INSTRUCTIONS FOR THE TASK ▸ Below is a block of entries; repeat exactly the lines starting at the line that contains "Pandora Style Heart-Shaped" and ending at the line that contains "Meridian Furniture Rainbow Full Bed", both included.

RECORDS FOR PROCESSING ▸

────────────────────

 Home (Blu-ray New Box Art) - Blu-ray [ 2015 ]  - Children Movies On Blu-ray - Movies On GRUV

────────────────────

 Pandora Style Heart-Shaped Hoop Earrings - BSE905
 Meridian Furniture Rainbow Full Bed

────────────────────

RESULT OF THIS TASK ▸
 Pandora Style Heart-Shaped Hoop Earrings - BSE905
 Meridian Furniture Rainbow Full Bed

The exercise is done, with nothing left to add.